🤖 Grasp Stability Prediction

Predicting whether a robotic grasp is Stable or Unstable from tactile sensor images using deep learning.

Role

End-to-end ML engineer (solo project)

Timeline

2024 · Personal / course project

Tech

PyTorch, ResNet18, MLP, Gradio, Hugging Face Spaces

Live Demo GitHub Repo ← Back to Projects

Grasp Stability Prediction demo interface

TL;DR

Built a deep learning model that predicts whether a robotic grasp is stable based on tactile sensor images.
Used ResNet18 as a feature extractor and a custom MLP head to classify grasps as Stable or Unstable.
Wrapped the model in a Gradio interface and deployed it on Hugging Face Spaces for interactive experimentation.
Focused on making the model behavior interpretable via simple inputs/outputs rather than a black-box system hidden in a notebook.

Problem & Context

In robotic manipulation, a central question is whether a planned grasp on an object will be stable once executed. Failed grasps mean drops, retries, and potentially damaged objects. Visual information alone is often not enough; tactile feedback provides rich information about contact, pressure distribution, and local geometry.

This project explores how to treat tactile sensor images as input to a deep learning model that predicts grasp stability. The goal is to provide a fast, data-driven decision about stability that could be integrated into a grasp planning pipeline, while still being simple enough to deploy as a web demo.

Data & Inputs

Tactile sensor readings represented as 2D images (pressure/intensity maps at the contact surface).
Each sample labeled as either stable or unstable based on the outcome of the grasp.
Preprocessing steps to normalize intensities and resize images to the input resolution expected by ResNet18.
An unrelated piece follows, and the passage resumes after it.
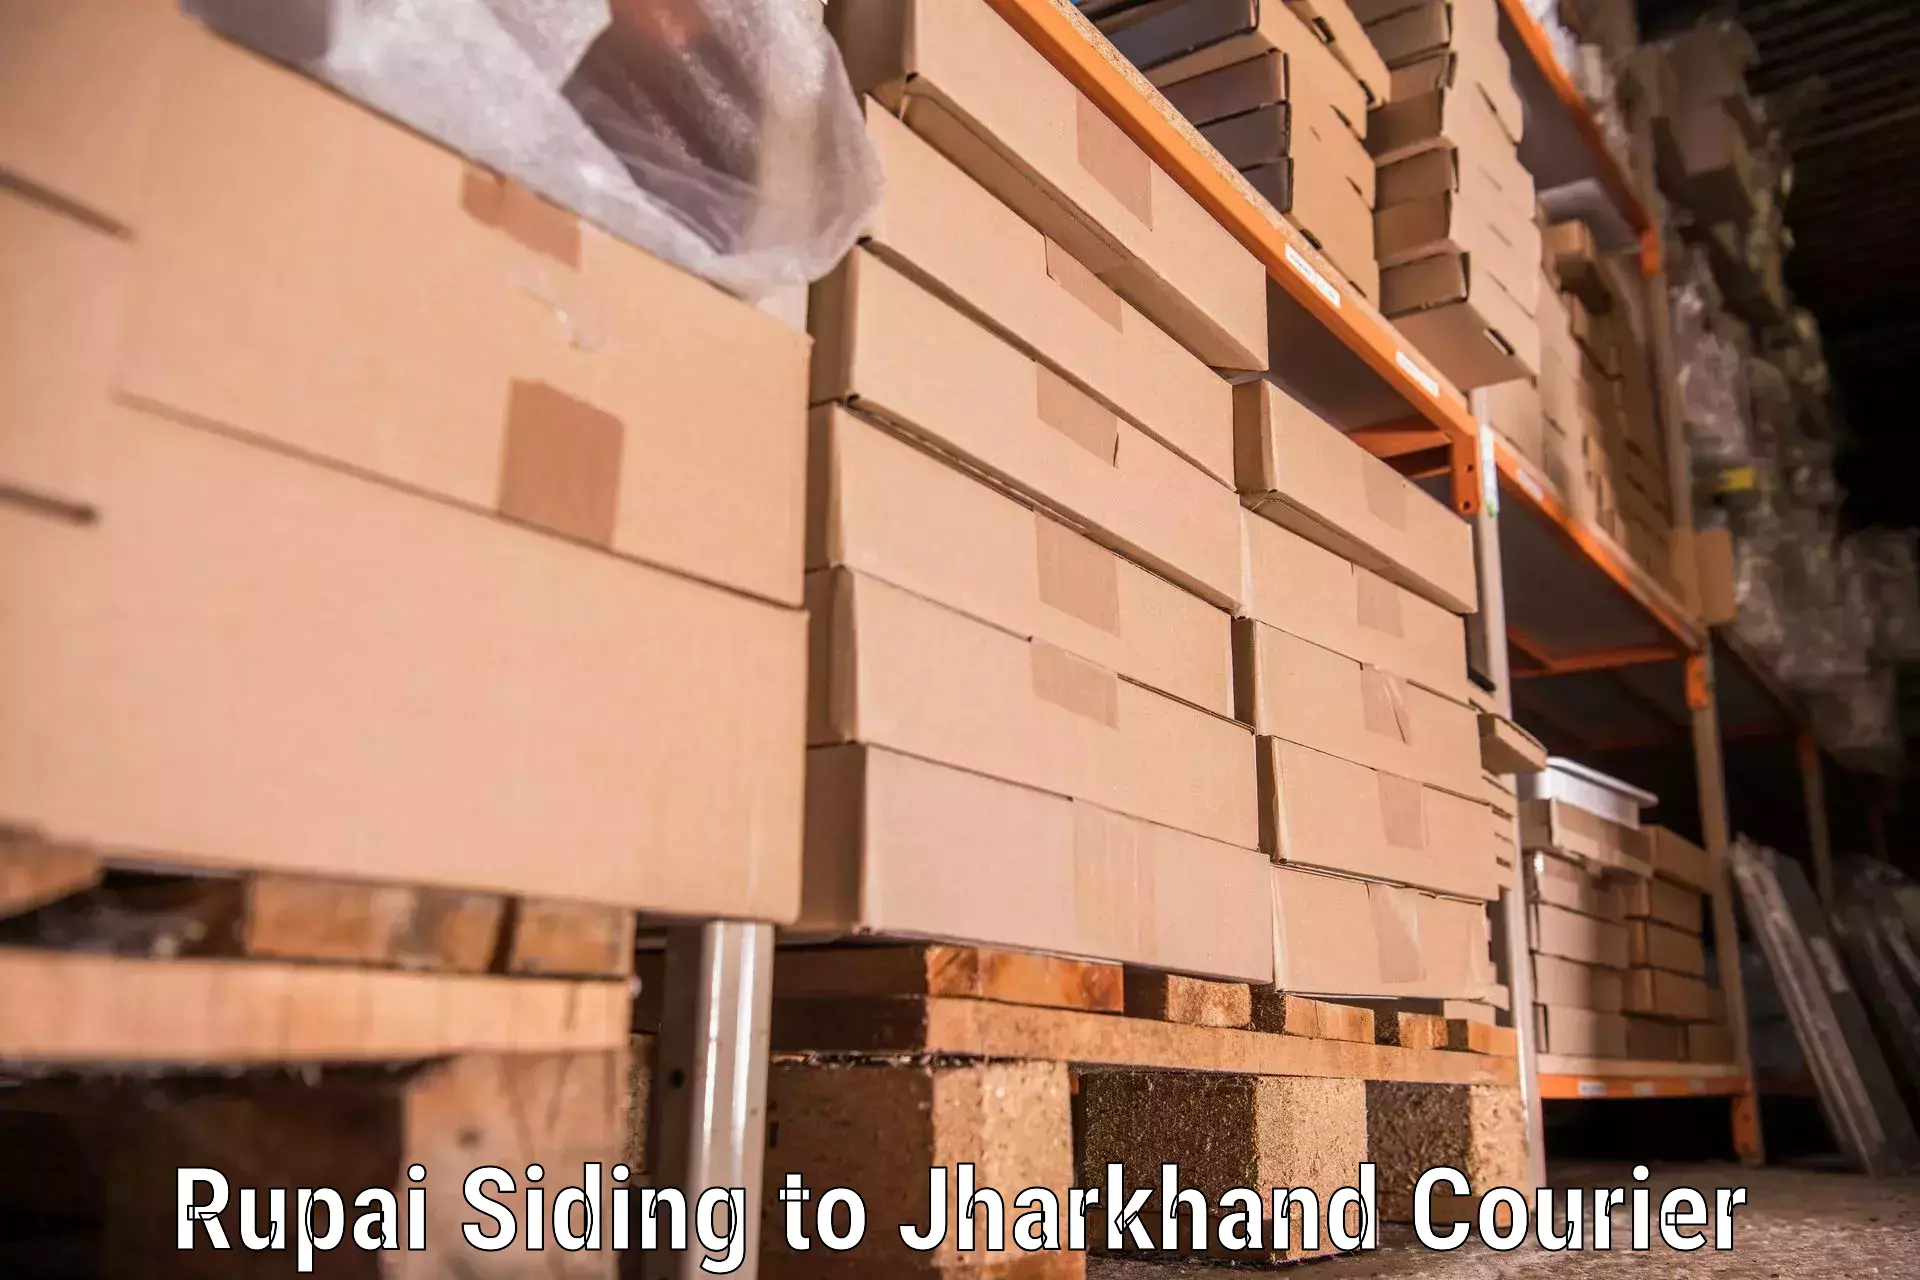 Moving and handling services Rupai Siding to Nagar Untari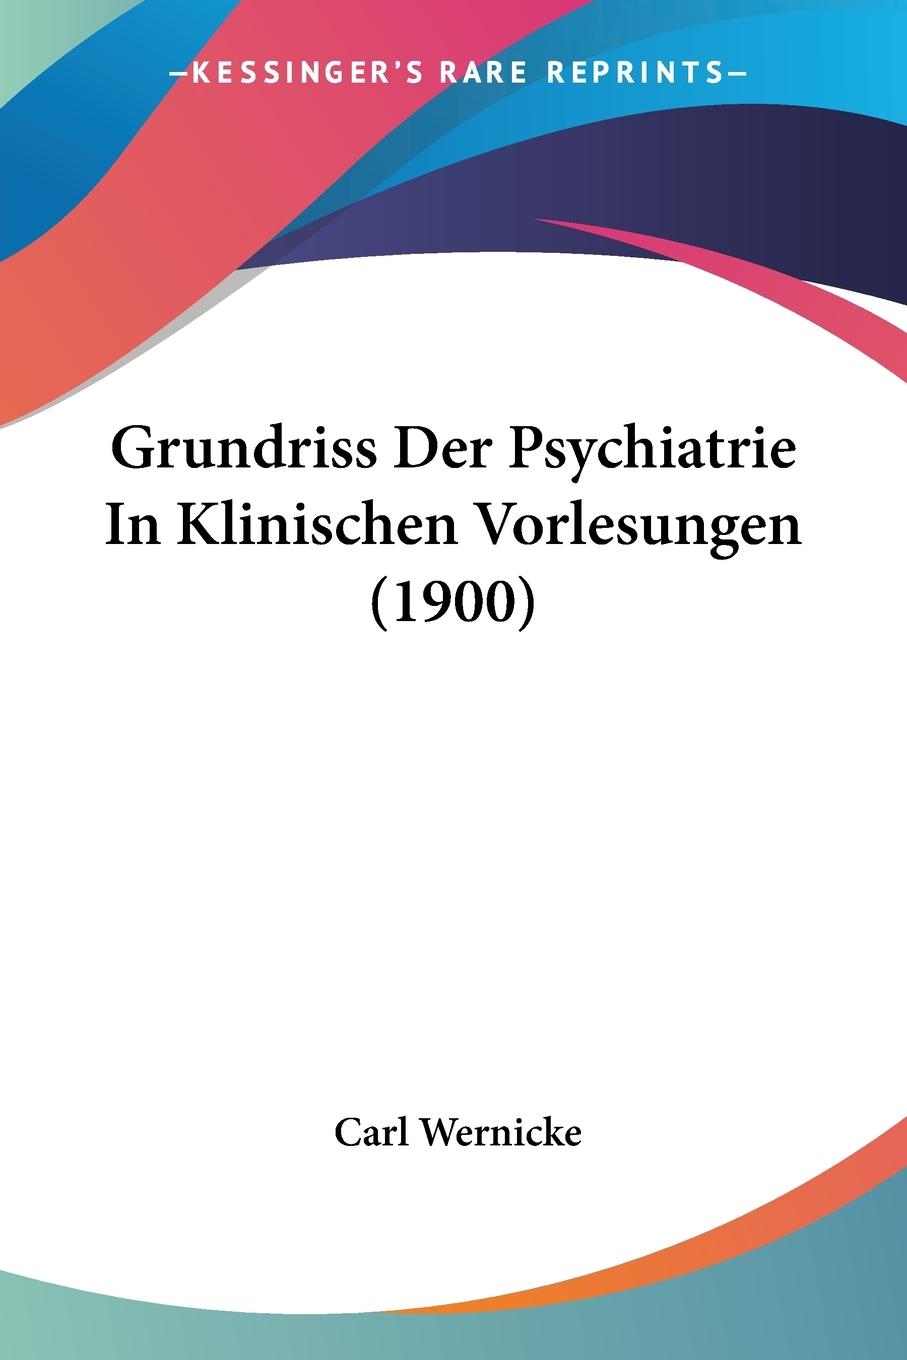 Grundriss Der Psychiatrie In Klinischen Vorlesungen (1900) / Carl Wernicke / Taschenbuch / Paperback / Deutsch / 2009 / Kessinger Publishing, LLC / EAN 9781120515681 - Wernicke, Carl

The dataset was cleaned to remove ambiguous or corrupted samples and balanced to avoid bias toward one class (for example, if there are more stable than unstable grasps).

Approach & Architecture

The model design is based on transfer learning with a convolutional network backbone and a lightweight classifier head. The main steps are:

Start from a pretrained ResNet18 backbone to extract features from tactile images.
Replace the final classification layer with a custom MLP head tailored to the binary stability task.
Fine-tune the last layers of ResNet18 and the MLP head jointly on the grasp stability dataset.
Use cross-entropy loss and standard regularization (weight decay, dropout) to reduce overfitting.

Results & Evaluation

The model learns a clear separation between stable and unstable grasps on the held-out test set. In practice, the demo correctly identifies many cases where the contact pattern indicates instability even if the scenario might appear reasonable at first glance.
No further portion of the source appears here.